1. Le groupe X-Crise et la montée en puissance de la technocratie

Suivant la Première Guerre mondiale, la France fait l’expérience d’une succession de

crises économiques : d’abord, une crise de reconversion économique en 1920 (Niveau et

Crozet, 2010, p. 264‑267) ; puis, une crise monétaire en 1926 (Kuisel, 1984, p. 136) ; ensuite

la crise de 1929 et ses suites en Europe. Ces crises ont fragilisé le système politique, en

particulier dans la gestion des politiques économiques car « avant 1914 prédominait […] une

conception ultra-libérale de l’État, s’interdisant toute intervention macroéconomique »
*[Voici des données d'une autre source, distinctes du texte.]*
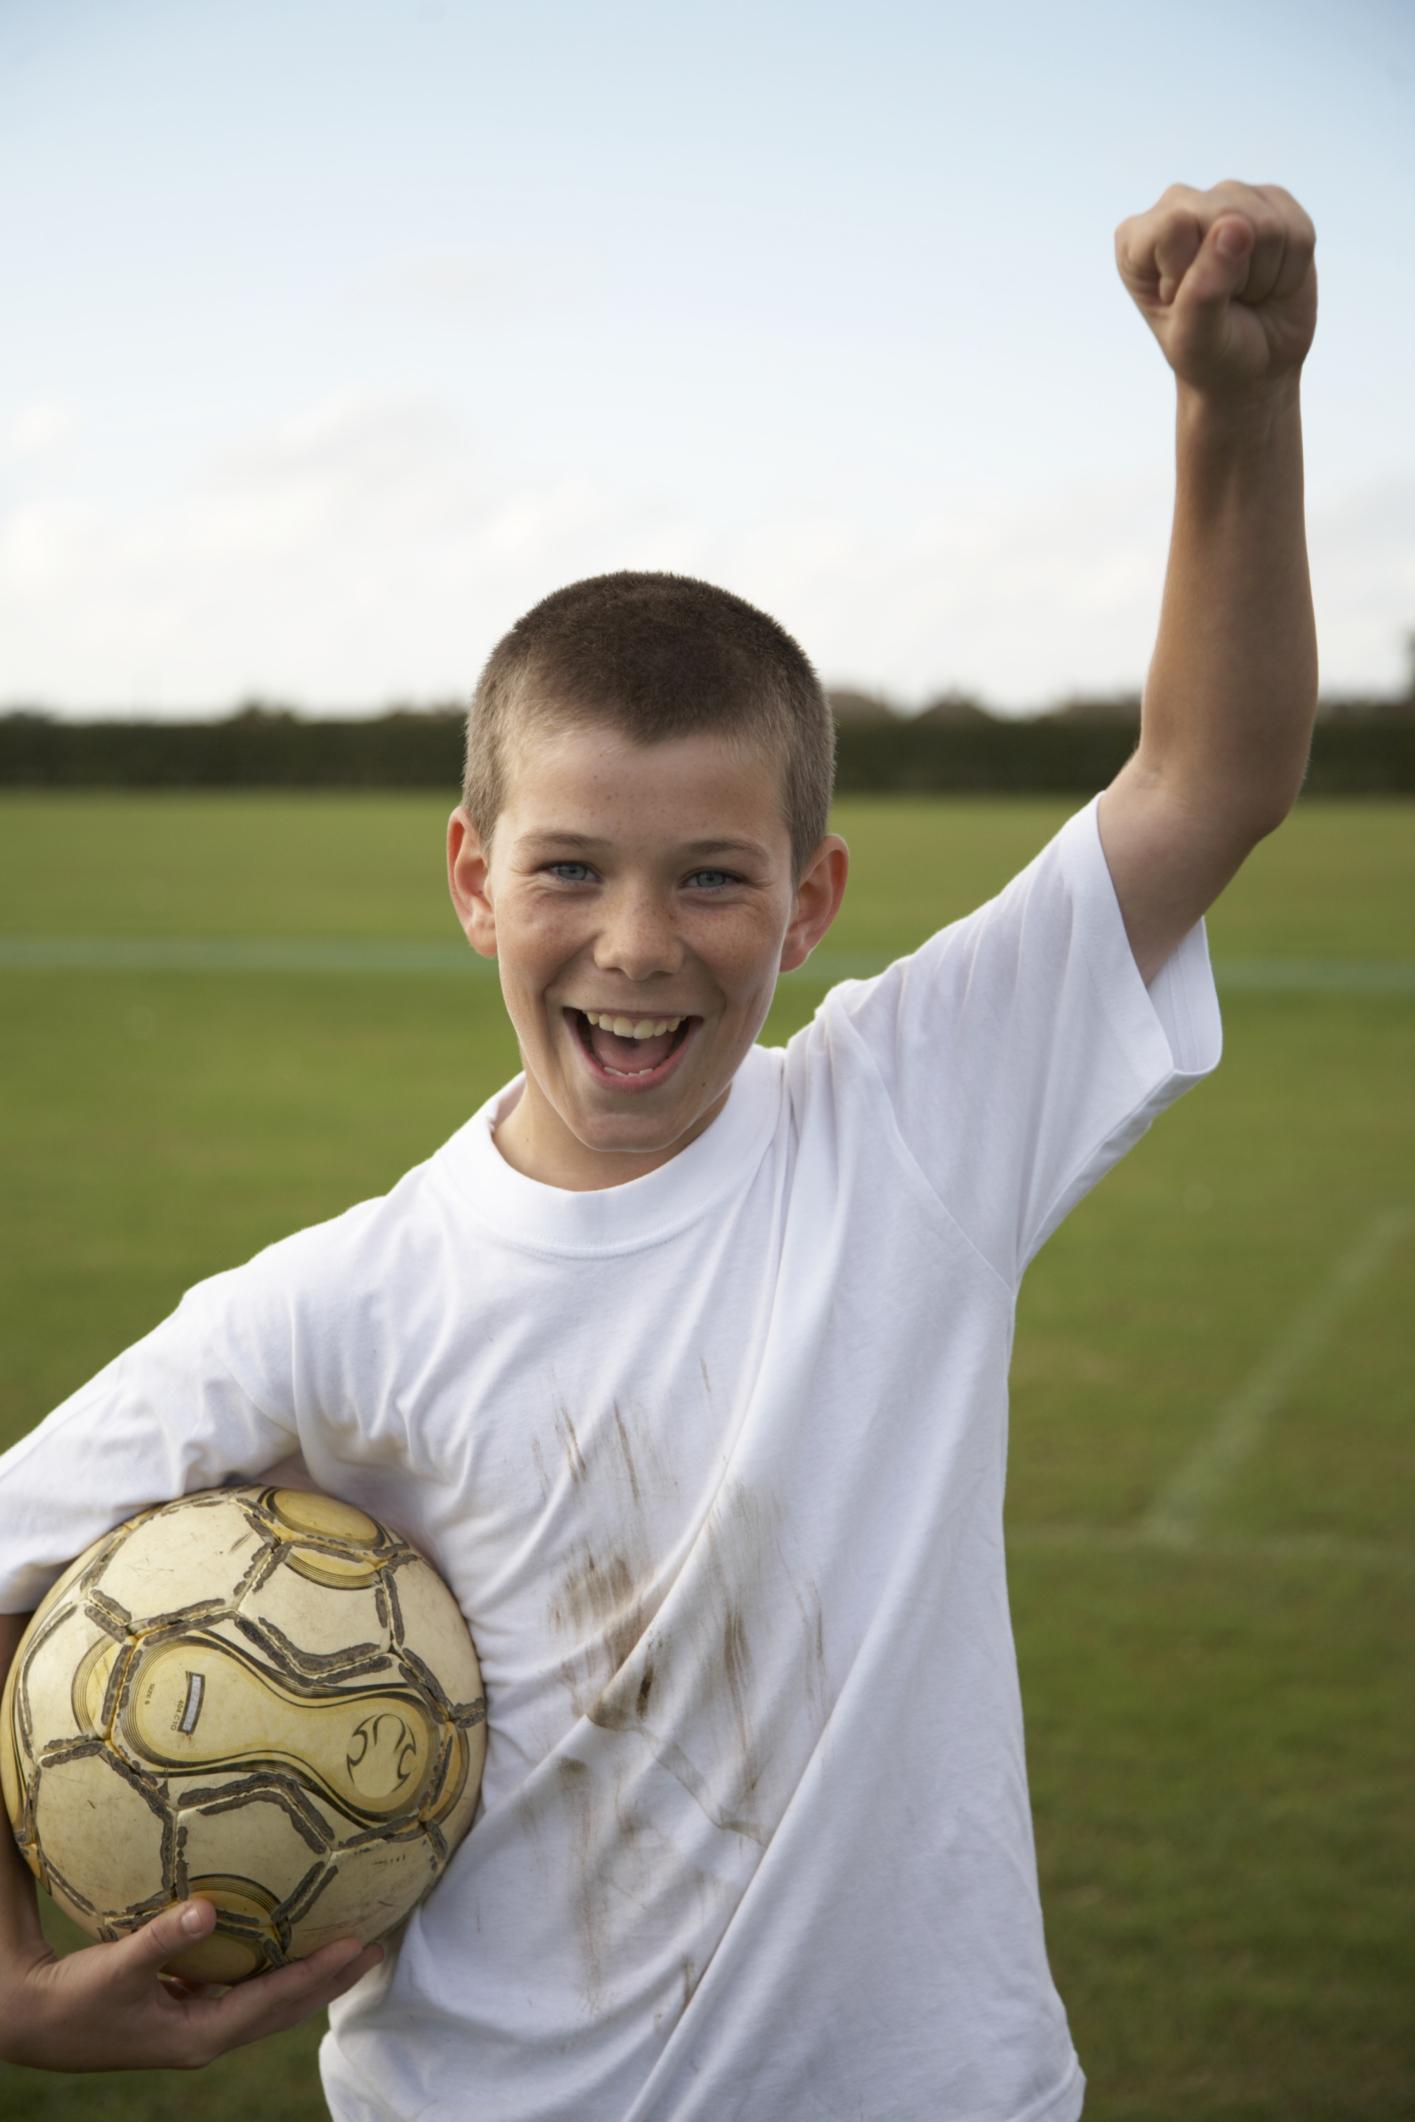 Regras básicas do futebol para crianças  563ee42f98b75

(Desrosières, 2010, p. 196). Il découlait de cette situation un rejet de la classe dirigeante, tant

des hommes politiques que les hauts fonctionnaires, et une mise en cause de leurs

compétences. La pensée technocratique est une réponse au rejet des élites aux pouvoirs en

cherchant à combler les carences de ces dernières. Pour cela, il fallait remplacer leurs compétences juridiques initiales par les compétences techniques des ingénieurs. C’est ce que souligne un membre d’X-Crise, Louis Kahn lors d’une intervention en 1933 au sein du groupe :

« la plupart des hommes qui sont aux affaires aujourd'hui sont, pour des raisons historiques parfaitement valables, de formation juridique. Or, il y a entre l'esprit juridique et l'esprit technique une antinomie qui nous surprend et parfois nous désespère. Elle tient foncièrement à ce que l'esprit juridique, commentateur d'un texte, […] est tourné vers le passé. Au contraire, l'esprit technique, constructeur d'ouvrages, est tourné vers l'avenir. Parce que l'esprit juridique ne comprend pas l'esprit technique, il est tenté de se réfugier dans des solutions d'opportunisme, solutions moyennes, ou de juste milieu ou enfin de médiocrité, trois mots étymologiquement voisins et presque synonymes » (cité par Armatte, 2001).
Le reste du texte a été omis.